COVID-19 Management and Outcome of 76 Pediatric Cancer Patients: A
Single Centre Experience from a Developing Country
Abstract
Background: Sufficient data pertaining to the impact of the COVID-19
pandemic on pediatric cancer patients is still currently lacking. The
main aim of this prospective study was to describe clinical management
and outcomes of COVID-19 in this vulnerable group. Methods: Conducted
between May 1st and November 30, 2020, this study included 76 pediatric
oncology patients with confirmed COVID-19. Remdesivir (RDV) was the
antiviral therapy used. Results: The median age of patients was 9 years.
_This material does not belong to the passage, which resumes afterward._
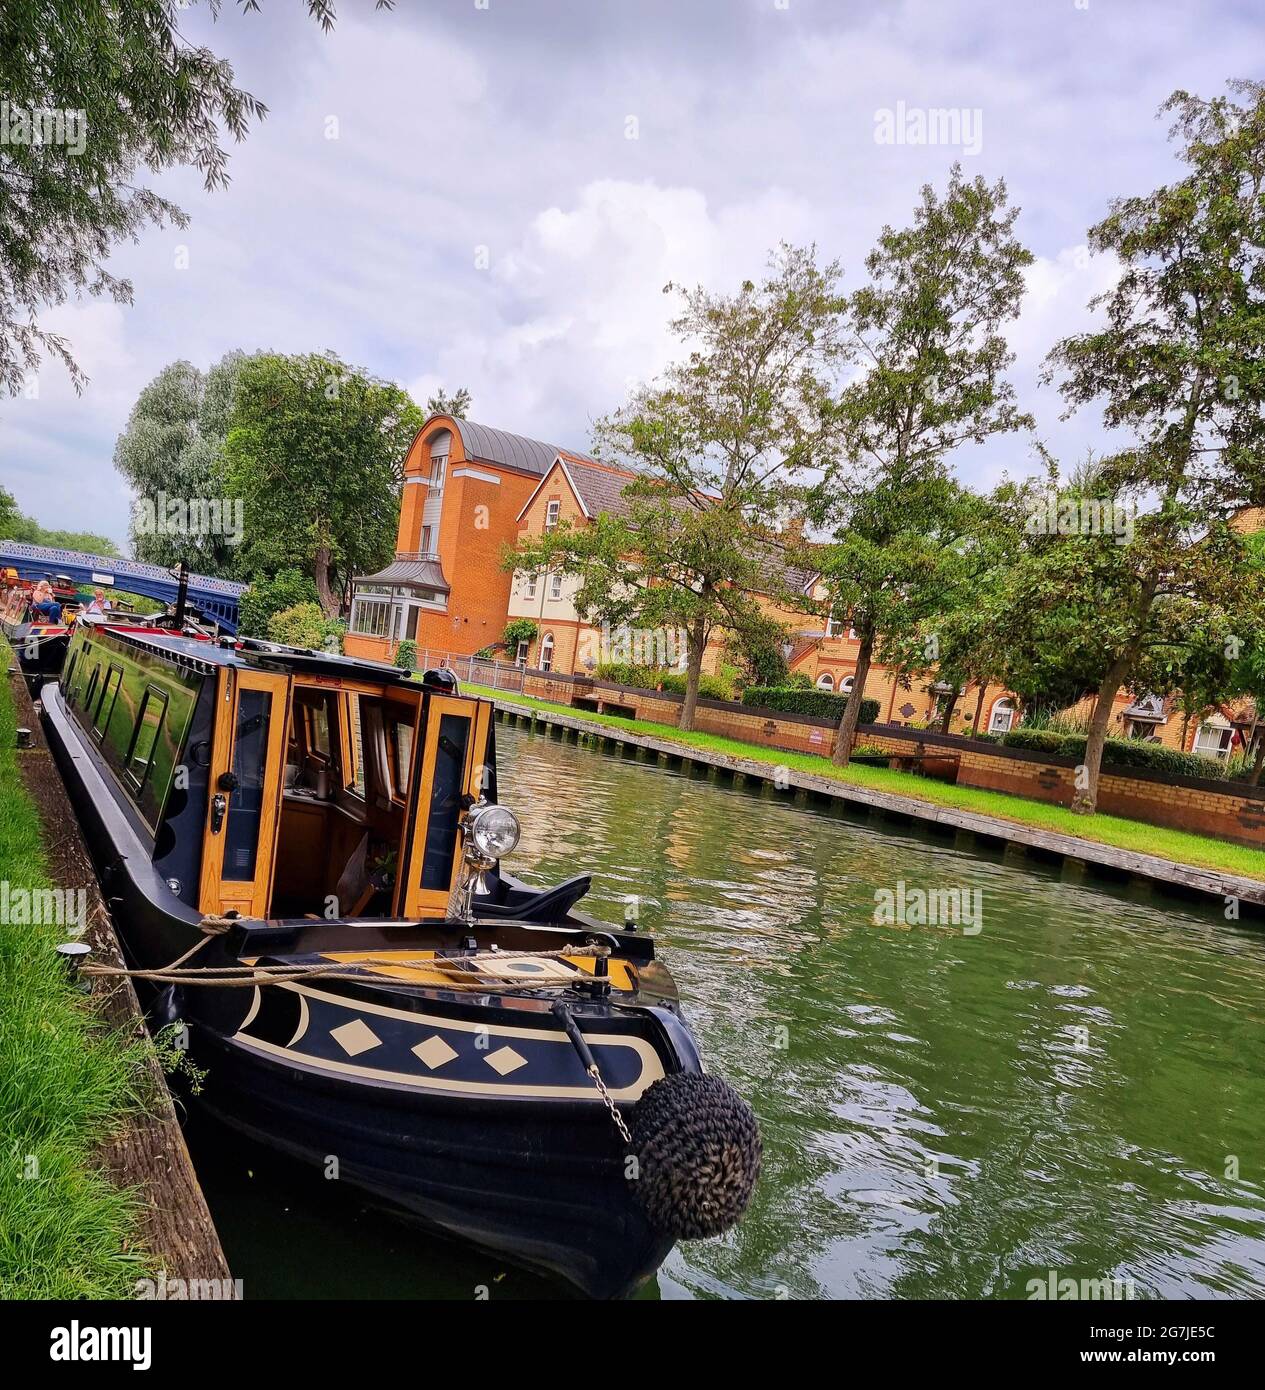 Kanalboote, Skiffs, Passagierdampfer und Ruderboote befinden sich alle auf der Themse, dem schönsten Fluss Englands, der von seiner Quelle im Herzen der Cotswolds durch eine ländliche Idylle über Oxford fließt, die von Wasserwiesen und Viehweiden geprägt ist. Treffen Sie den Oxford Canal in der „City of Dreaming Spires“ mit einer fantastischen Aussicht. Jenseits von Oxford verbindet die Royal River Thames viele schöne und einige berühmte Städte und Dörfer am Wasser, die von historischen Gebäuden und Denkmälern übereinander stehen. Vereinigtes Königreich. Stockfoto

Sixty patients were on first line treatment. Haematological malignancies
constituted 86.8% of patients. 35.4% of cases had severe to critical
infections. The commonest presentation was fever (93.4%). Chemotherapy
was delayed in 59.2% of cases and doses were modified in 30.2%. The
sixty-day overall survival (OS) stood at 86.6%, with mortalities
occurring only among critically ill patients. Of sixteen acute leukaemia
patients in the first induction phase of treatment, 13 survived and 10
achieved induction remission. A negative PCR within 2 weeks and
improvement of radiological findings were statistically related to
disease severity (p=0.008 and, 0.002 respectively). Better OS was
associated with regression of radiological findings after 30 days from
infection (p=0.002). Of the forty-five cases who received RDV, 70% were
severe to critically ill cases with comparable outcome to patients who
did not receive the drug. Conclusions: Most pediatric cancer patients
with COVID-19 should have good clinical outcomes, except for those with
critical form of infections. Newly diagnosed cases seem to tolerate
induction therapy alongside COVID-19 treatment. RDV was well tolerated
with no serious adverse events observed.